7.6. GSM mobile cellular network capacity

When designing cellular mobile communication networks, it is necessary to estimate the traffic (load intensity) of the communication system, which in turn makes it possible to estimate the number of subscribers in a cell and in the network as a whole. In this connection, a cellular mobile communication system, like any telephone communication system, is an example of a queuing system with a random flow of calls (calls), a random duration of their service and a finite number of service channels (namely, physical radio channels). Taking advantage of the well-developed theory of teletraffic in telephony, we apply it to the cellular mobile communication system.

Consider the basic values ​​needed to build mathematical traffic models:

- average frequency of incoming calls (k), measured by the number of calls per unit of time ([k] = call / h, call / s); the call flow can be adequately characterized by the average frequency of incoming calls (intensity of incoming calls) X;

- the average duration of service of one call (the average duration of one call) (7), measured in units of time;

- average load intensity (traffic intensity), equal to the product

A = measured in Erlang (Earl). (7.15)

Consider the following example. Let the average frequency of incoming calls (k) = 20 calls / hour, and the average service time per call (G) = 0.2 hours, then the average traffic intensity is A = 20 * 0.2 = 4 Erlang, that is, the average load intensity equals 4 challenges. Typically, the value of average traffic A is estimated for peak hours, that is, for the hourly interval during the period of the highest load of the communication system.

Probability Characteristics in Teletraffic Theory

Arrival of calls, as well as the duration of service T (t), are random variables depending on time.

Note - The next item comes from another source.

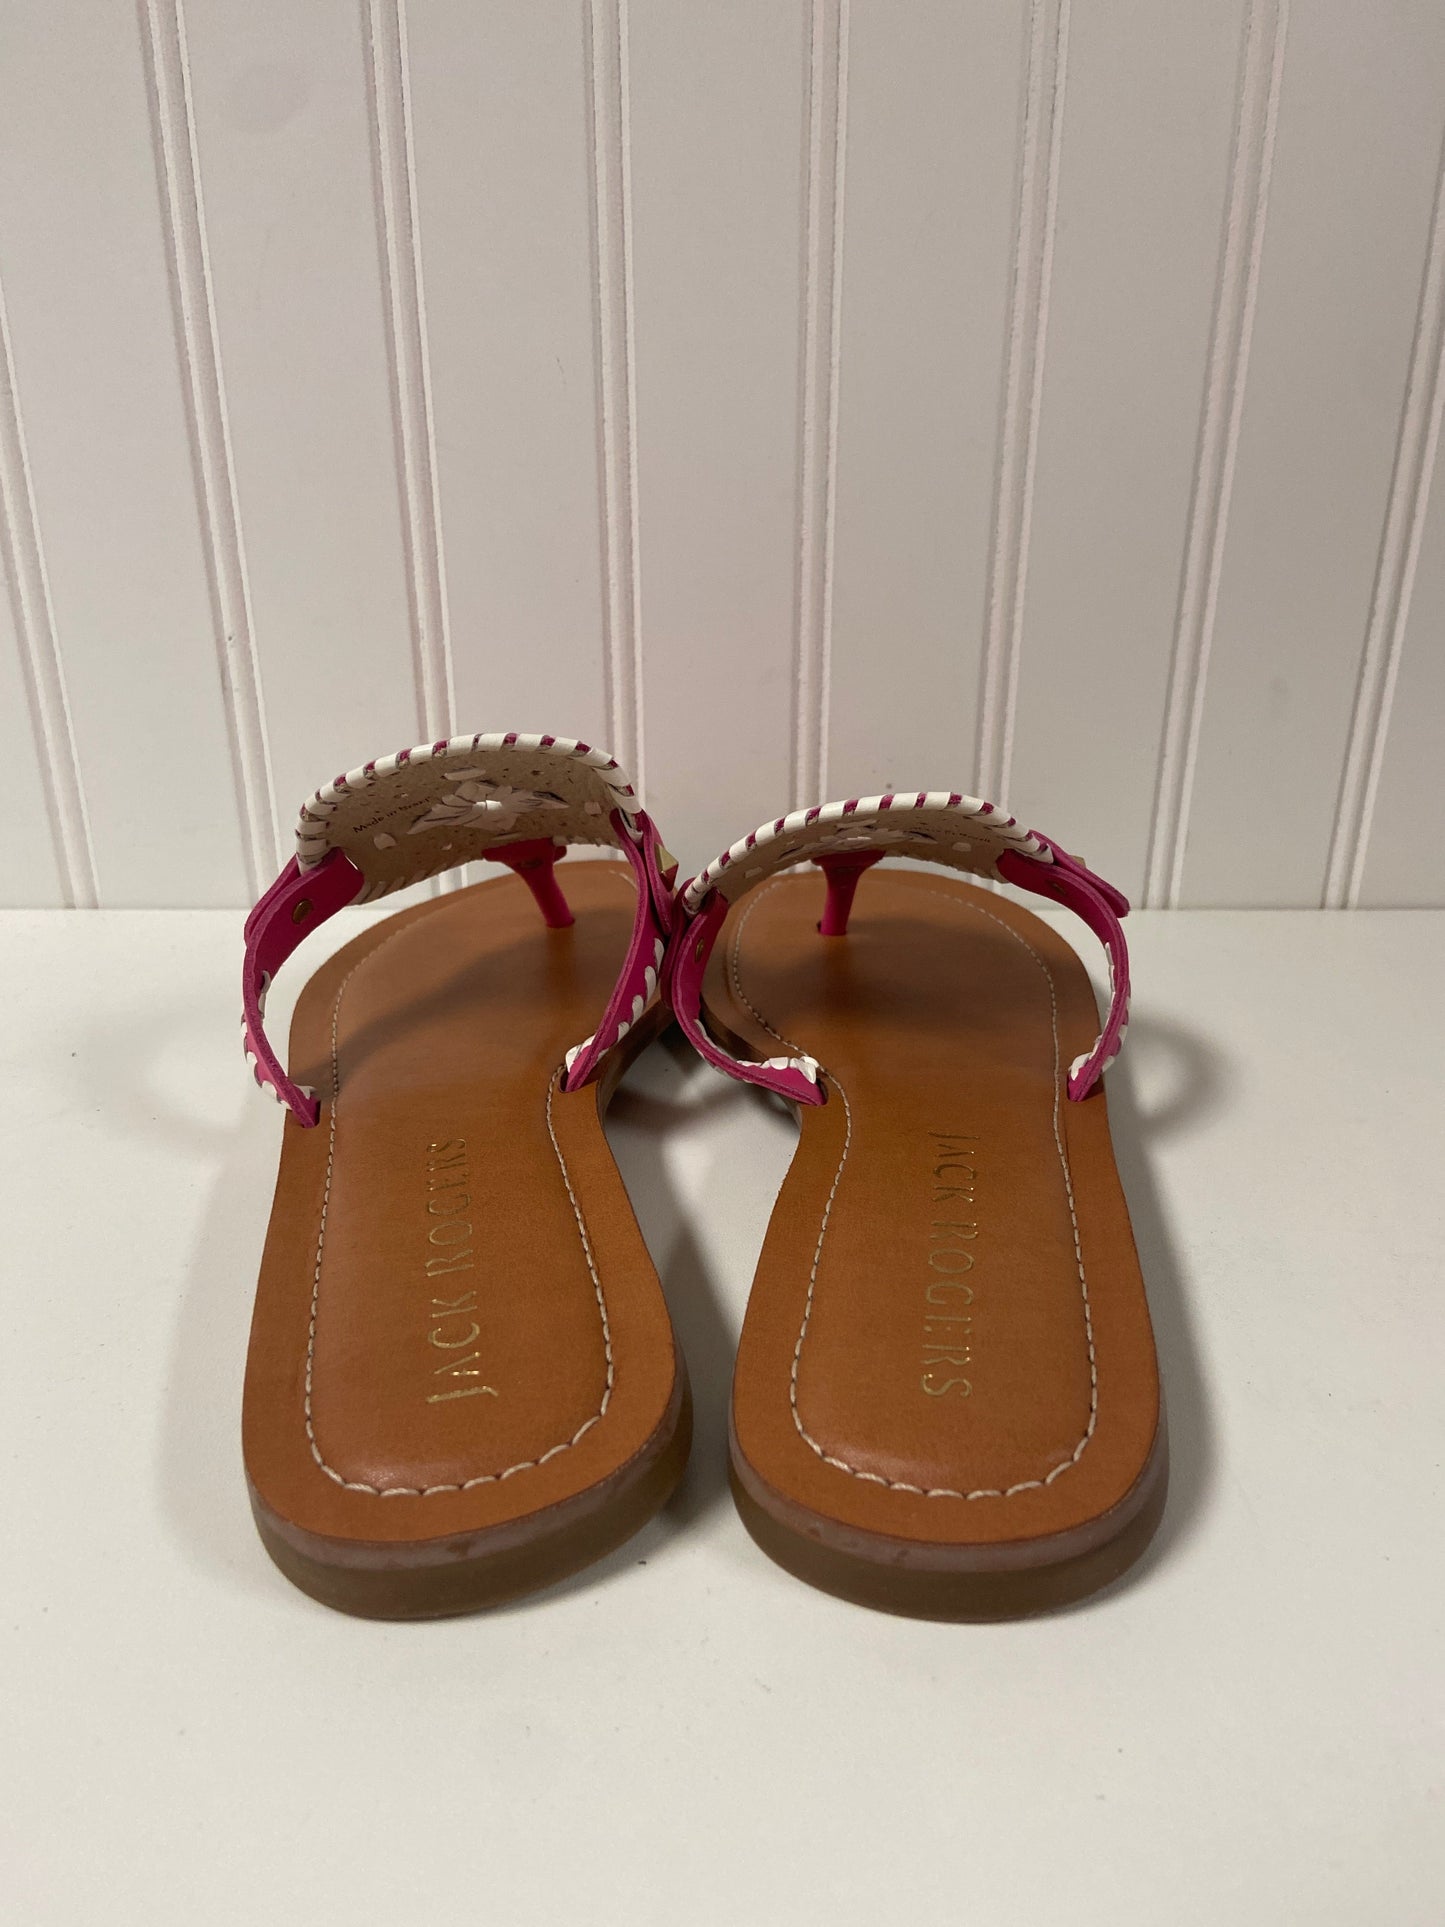 Brown & Pink Sandals Flip Flops Jack Rogers, Size 8.5

Probability theory can be used to derive relations that establish a connection between three factors: the expected load; number of channels; indicator of quality of service.

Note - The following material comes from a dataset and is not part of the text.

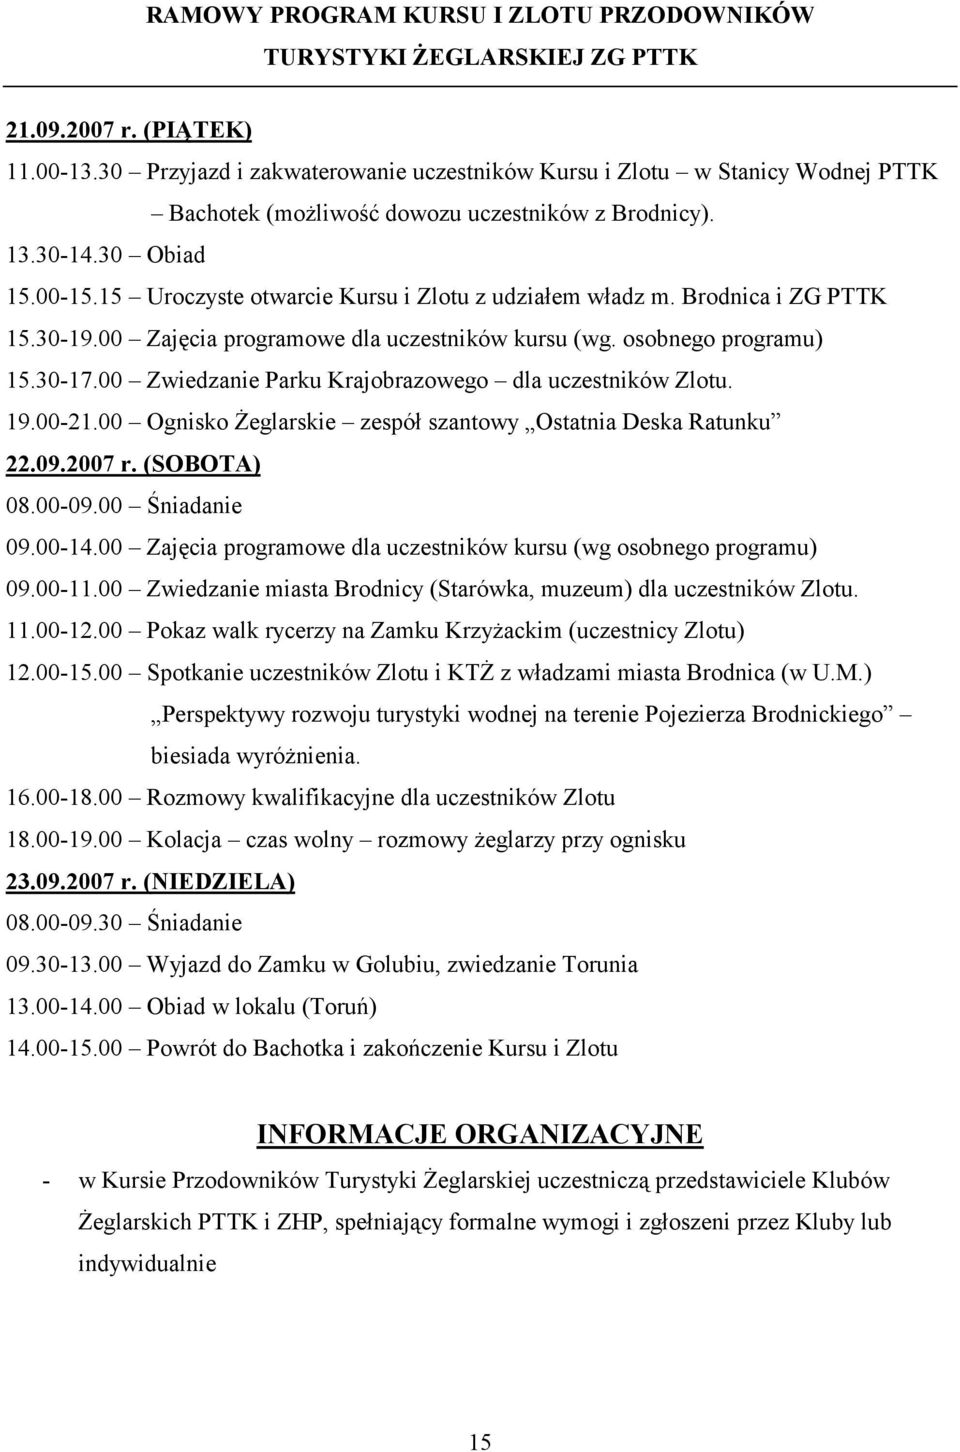 15 Uroczyste otwarcie Kursu i Zlotu z udziałem władz m. Brodnica i ZG PTTK 15.30-19.00 Zajęcia programowe dla uczestników kursu (wg. osobnego programu) 15.30-17.

The probability of receiving calls can be described by the Poisson distribution, which determines the probability of receiving ^ -calls (discrete random variable) during time t:

The duration of a single call service (the duration of a communication channel's employment) is a continuous random variable x (t \, whose probability distribution density is described by the exponential distribution law:

Mathematical models in cellular mobile communication systems.

In mathematical traffic models, as shown in [7.1], the following conditions are true:

- the call flow is subject to the Poisson distribution;

- call service duration is subject to exponential distribution, with different models differing from one another in what fate befalls calls arriving at times when all channels of the system are busy.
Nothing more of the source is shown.